On the computer, the robots learn to play soccer by executing a random
sequence of basic moves - running toward the ball, kicking it, moving behind
the ball, blocking it. For every sequence, a computer program either rewards
or punishes the robot with a digital signal telling it whether the sequence
made sense and whether it should be repeated.
Dr. Balch divides his robots into two teams, represented by little circles on
the computer screen. Robots on a control team are able to pass the ball,
defend and attack from the starting whistle; the test team must learn by trial
and error as the game progresses. And it turns out that the test team behaves
much differently depending on whether its members are rewarded as individuals
or as a group.
Under the first scheme, a reward signal is sent only to robots that score a
goal. As the match progresses, every team member ends up learning the same
sequence of behaviors - going after the ball in a solo effort to score. As a
result, the circles on the screen bunch around a single point - wherever the
ball is - leaving the rest of the field open to attack.
Under the group-based reward scheme, all members in the learning team receive
a reward whenever any of them scores a goal. After several learning loops,
some of the robots ended up with behavioral sequences that made them good
defenders. Others in the team evolved into forwards. "Group rewarding produced
greater diversity," Dr. Balch said, "and that made the team a winning
combination."
The results may be surprising to those who believe that the pursuit of
individual rewards - as in capitalism - encourages people to develop a
diversity of ideas, points of view, goals and strategies to achieve them.
Dr.

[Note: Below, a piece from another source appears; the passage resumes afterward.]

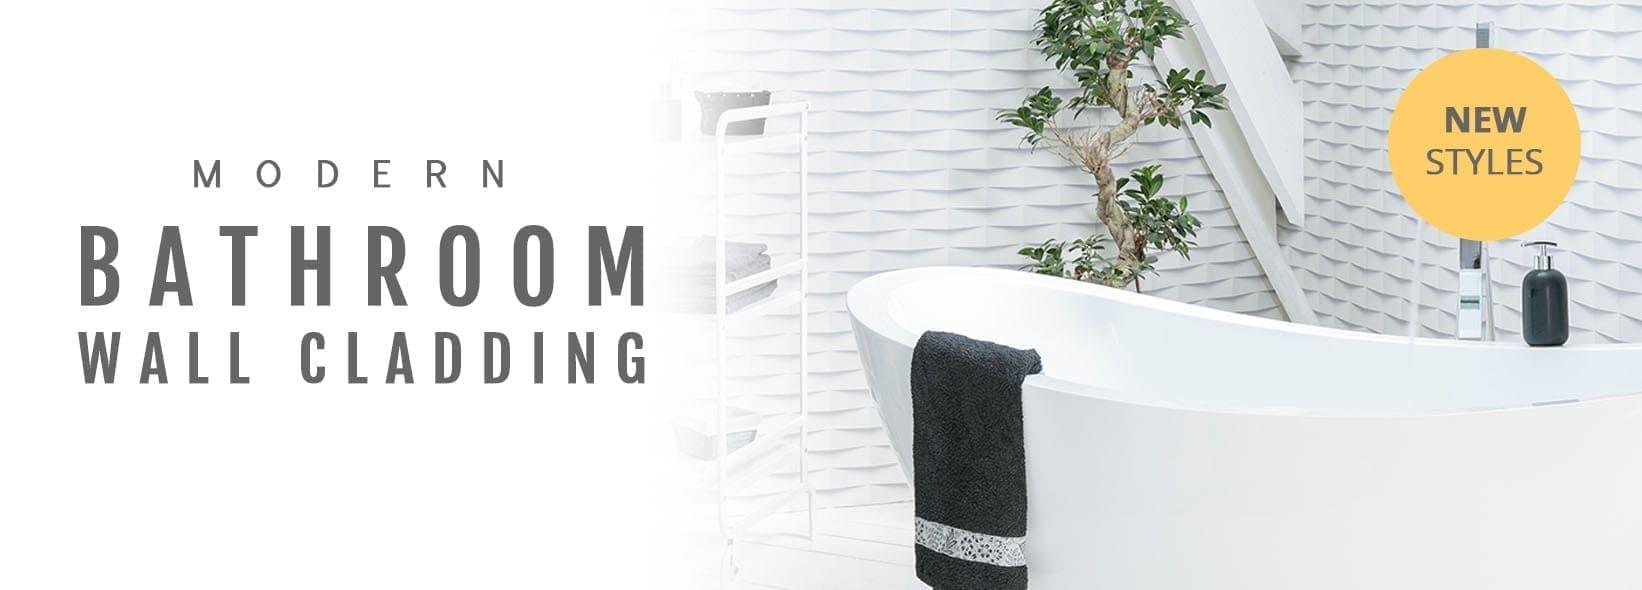 Bathroom Wall Cladding - Targwall

Balch is not rushing to extend his findings to human societies, and he
acknowledges that human complexities - including traits like motivation and
jealousy - are hard or impossible to reproduce in robotic systems. But he says
the experiments show that robot studies can serve as a window for
understanding human behavior.
"Robots can learn and plan and communicate," he said. "They are probably the
best model we have right now for controlled experiments on social systems."
Dr. Ross Burkhart, a political science professor at Boise State University in
Idaho, who has studied the relationship between economic freedom and
democracy, says there are interesting parallels between the robot studies and
the way economies work.
"The goal in capitalism is for individuals to make as much money as they can,"

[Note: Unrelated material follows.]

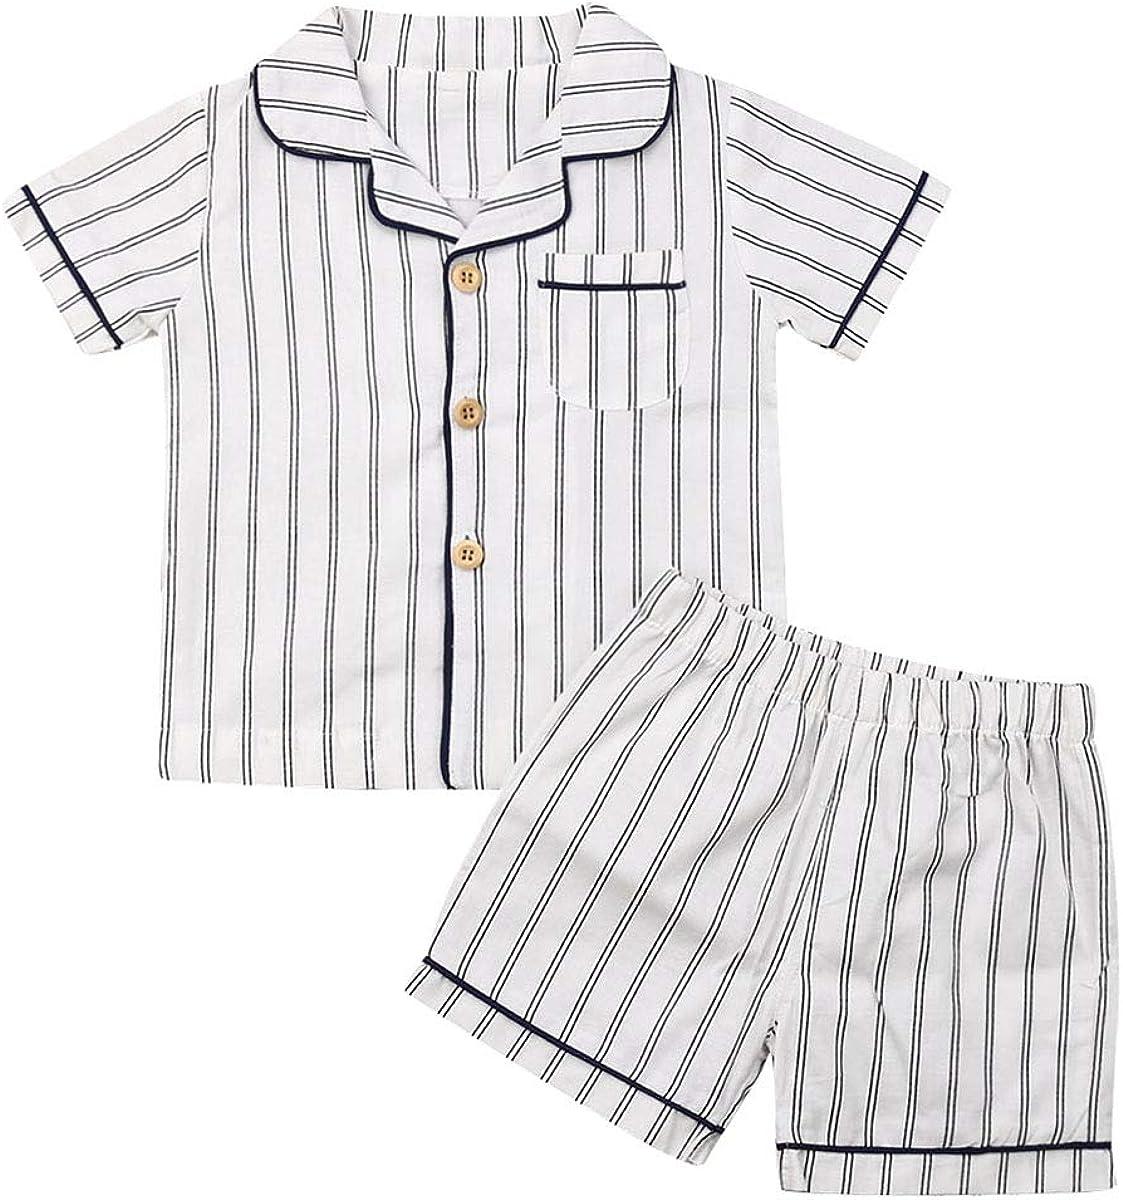 Toddler Infant Baby Boy Girl Pajams Short Sleeve Pjs Set Striped Sleepwear Nightwear Summer Outfits Set

he said. "Whatever strategy brings one person a lot of wealth will inevitably
become the strategy used by most people."
Would a group-based reward system in a corporation make its employees
specialize in different roles like the soccer-playing robots did under the
socialist scheme? Dr. Andrew Schotter, an economist at New York University,
laughs at the comparison.
"Some employees would probably stop working," he said. "You can't eliminate
free riding among office colleagues like you can in a team of robots. There
will always be some people who will take advantage of the fact that their
individual performance does not really matter."

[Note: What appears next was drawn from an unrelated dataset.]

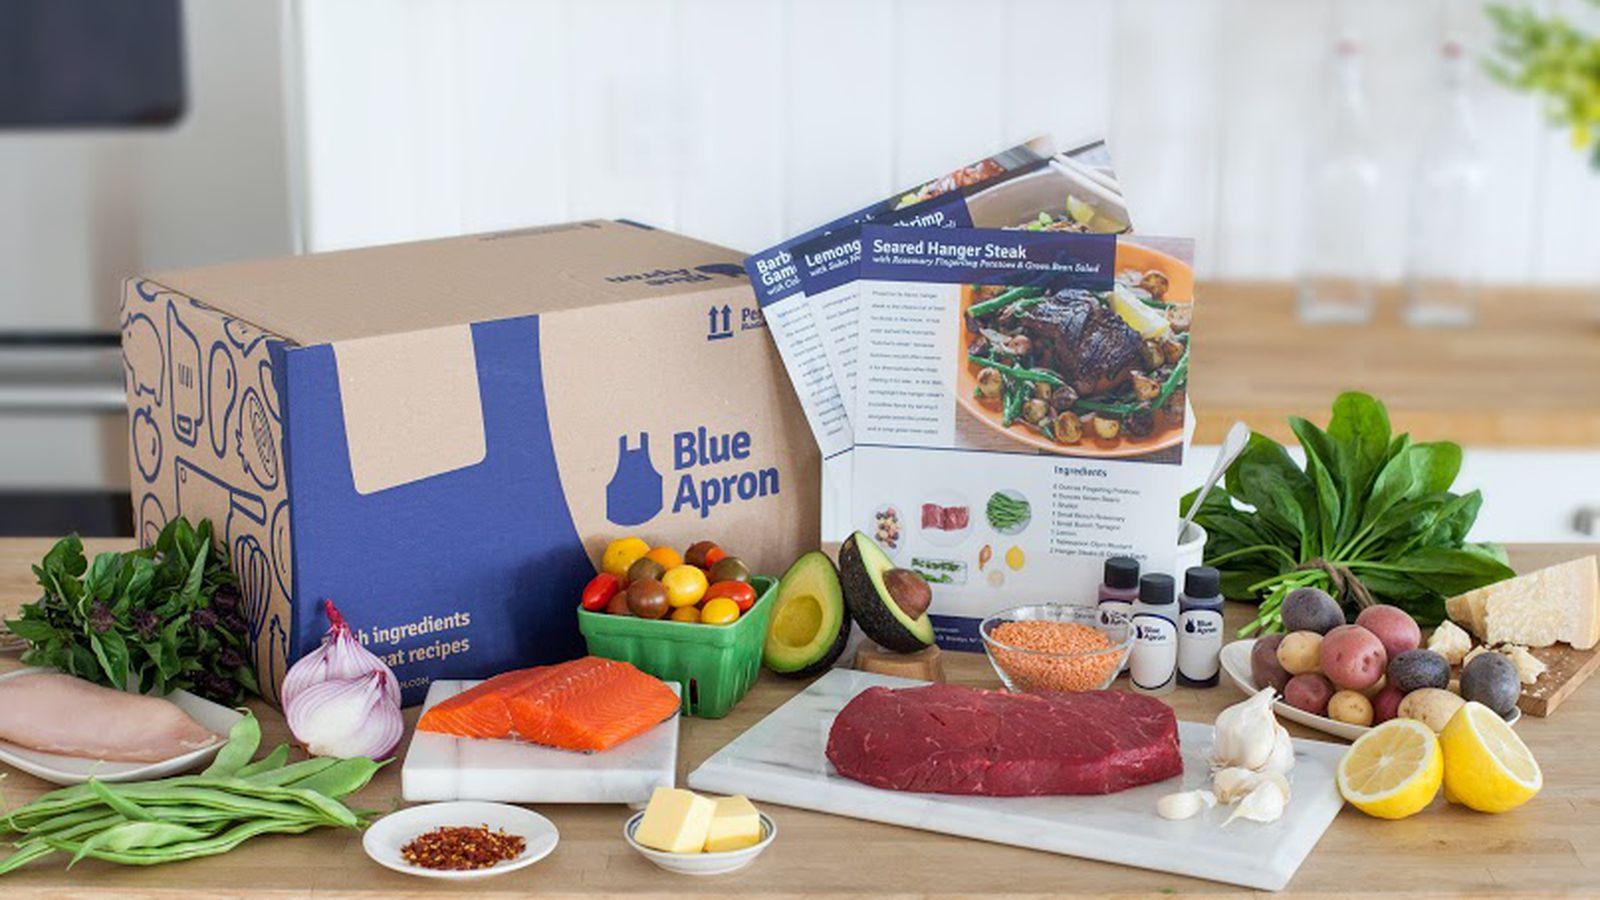 Blue apron australia - Blue Apron Australia 54

If employees are rewarded individually, Dr. Schotter argues, they can maximize
their rewards by specializing in a certain role and carving a niche in the
organization.
Dr. Roger T. Johnson, who studies cooperative learning at the University of
Minnesota, believes that competition for rewards pressures people to become
similar.
"Cooperative reward systems often encourage diversity," Dr. Johnson said,
"because a group can be more productive if its members have different
perspectives. They offer a wider choice of ideas for problem-solving and doing
things efficiently."
Still, Dr. Schotter said there were too many differences between robots and
human beings to justify any parallels. For one thing, people don't just work
for money; they also work for fun.
"Also, people don't care only about what they are making individually," Dr.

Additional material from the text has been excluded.